The transfer process has actually become a bit of a pantomime. The brilliant ‘Duncan Jenkins’ masterfully unpicked just how easy it is to become an ITK – based purely on keeping ahead of the rumour mill. Jenkins was so good in fact that Liverpool believed there was a genuine leak; where in fact, there was none. And there is likely a very good reason for that – if you worked in a position for Liverpool involved in player transfers – would you risk your job by disclosing commercially sensitive information?
Transfers are such a complex world; they are a negotiation of multi million pound assets, it isn’t just the fee, it is also the wages over the life of a contract that makes it a huge investment. As an example, if a club buys a player for £8m on a 4 year deal worth £40k a week, that is an investment of over £16m. And in today’s market, that investment is very unlikely to get you the ‘finished product’.

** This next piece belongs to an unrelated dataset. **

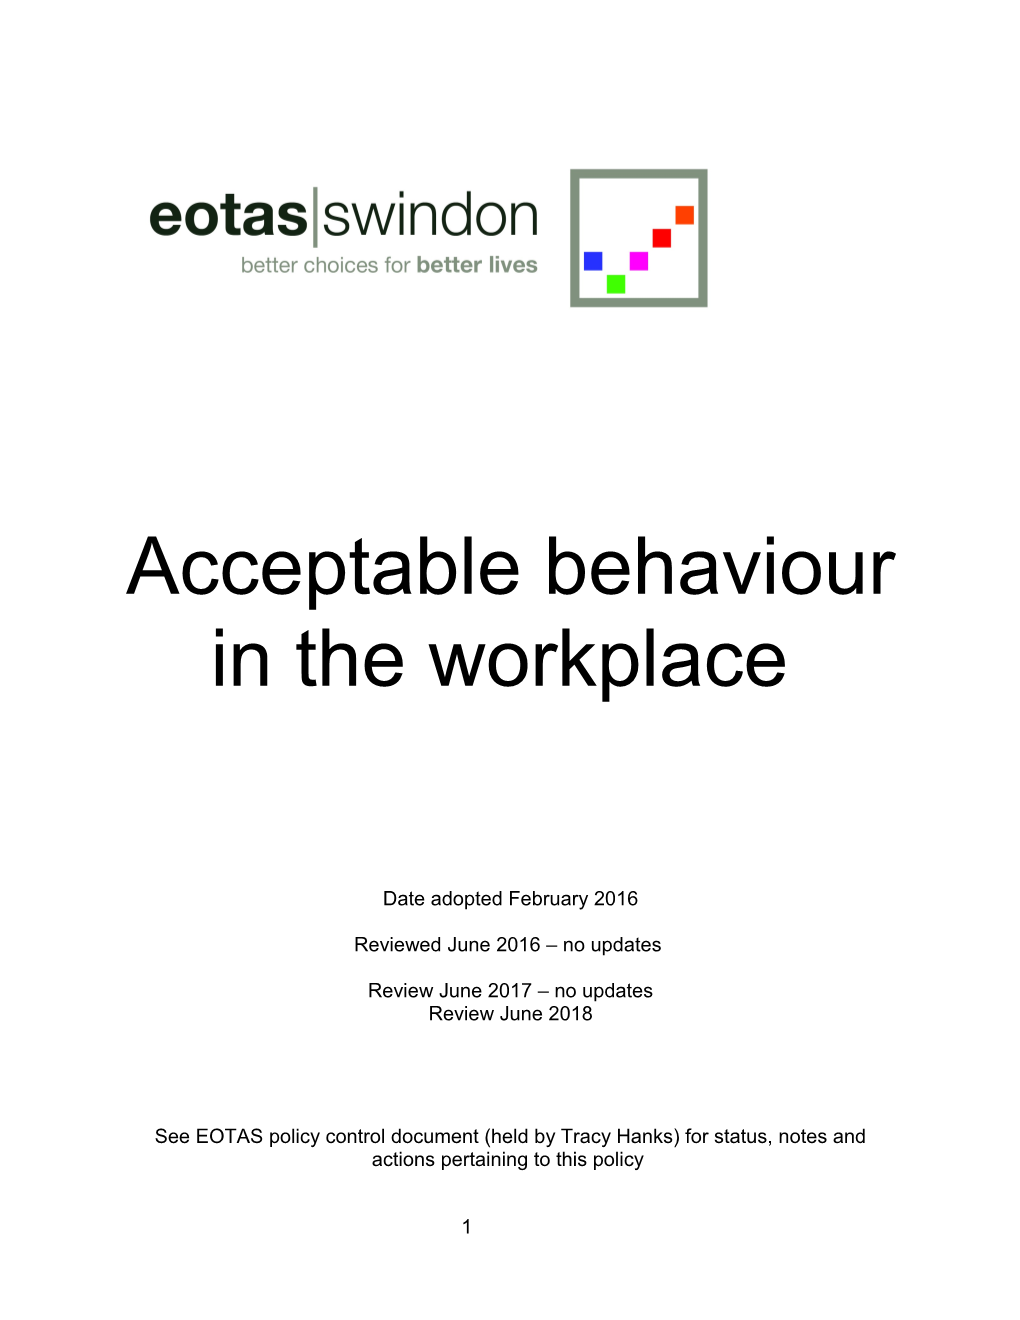 Acceptable Behaviour in the Workplace

So, whilst there maybe people that have access to information on occasion, most likely journalists, it is very probable that clubs are using them as a pawn in the transfer game. I think you have to take the vast majority of what ITK’s say – even journalists – with a huge pinch of salt.

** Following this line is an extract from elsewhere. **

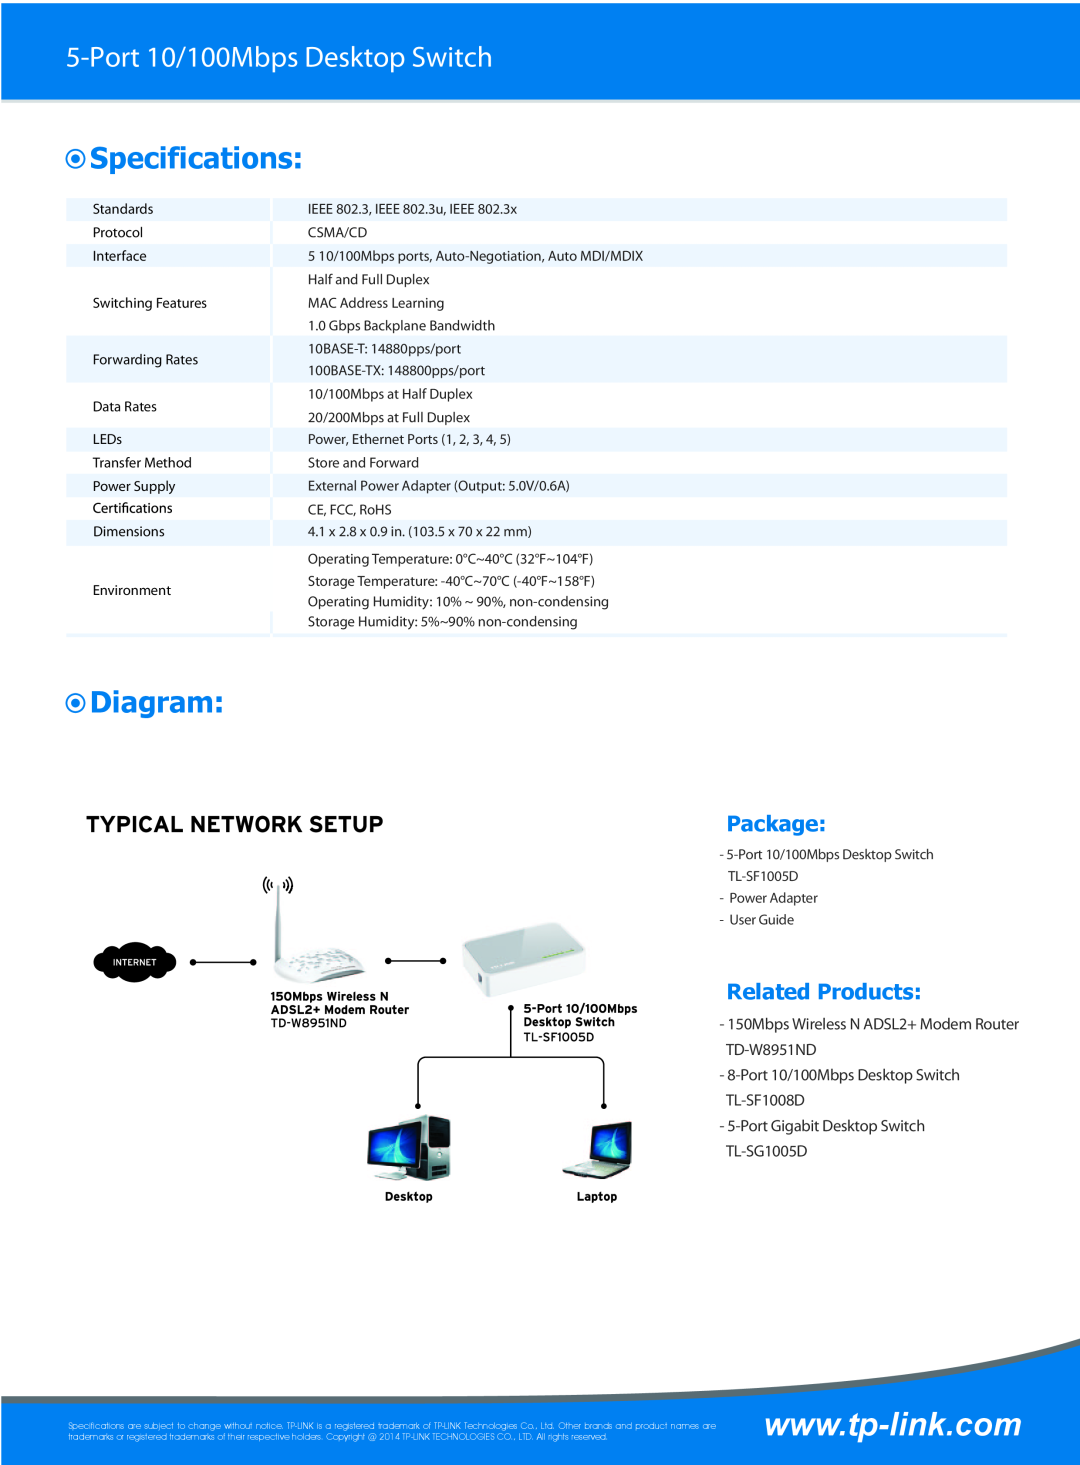 TP-Link TL-SF1005D specifications Specifications, Diagram, Port 10/100Mbps Desktop Switch, Package, Related Products

The Liverpool transfer committee is in place to give the club a competitive advantage. It is an investment in the top talent in the player recruitment space; with the aim to source and scout players that have the quality and mentality to play for Liverpool, but have not yet caught the eye of the world.
There probably weren’t many football fans that didn’t follow Dortmund’s progress last year with an envious eye. As I look at in detail in this comparison I think there is a real similarity in how Dortmund have built a team capable of competing and the journey Liverpool are taking.
Dortmund has been one of the smartest clubs in world football and has integrated great young players like Mario Gotze with smart buys like Robert Lewandowski (who only actually cost £4.5m) into a team that became greater than the sum of its parts.
Football transfers are complex; and there will be variations of Liverpool’s transfer committee at most big clubs across Europe. So what is it that will give Liverpool an edge? Essentially what the club have done is recruited who they believe to be the very best people in the scouting space in Hunter and Fallows; they are using intelligence led data to identify and value the right players.
The club recognise that they will be recruiting players still in a development phase; so will need a strong coaching structure to complement the transfer strategy.
There will always be exceptions; and the club has proven with the signing of Sakho it is willing to invest in an established name if the deal is right. But the broad strategy of recruiting the ‘balloon d’or’ winners of the future is very much what the committee is in place to do, and in my view is absolutely the right direction for the club.
If you look at the Willian deal as well – whilst he looks to be a very good player – there has been little evidence to suggest he looks like a £30m player. There was no value to be had from that deal – and by walking away from it, Raheem Sterling has been given the opportunity to flourish. It is those kinds of calls that the club has to get right, and the committee helps with those decisions.
The transfer committee has a critical role in the club’s future; it can be the difference between competing or not. Beyond all of the speculation and media that surrounds transfer windows; there is a strategy and structure at work at Liverpool that can give the club that competitive advantage. They won’t get everything right, but it is unrealistic to expect them to.
They have made a significant contribution to the clubs push towards the top four this season, if we can return to the Champions League; they will probably find that players such as Mkhitaryan are more easily attainable.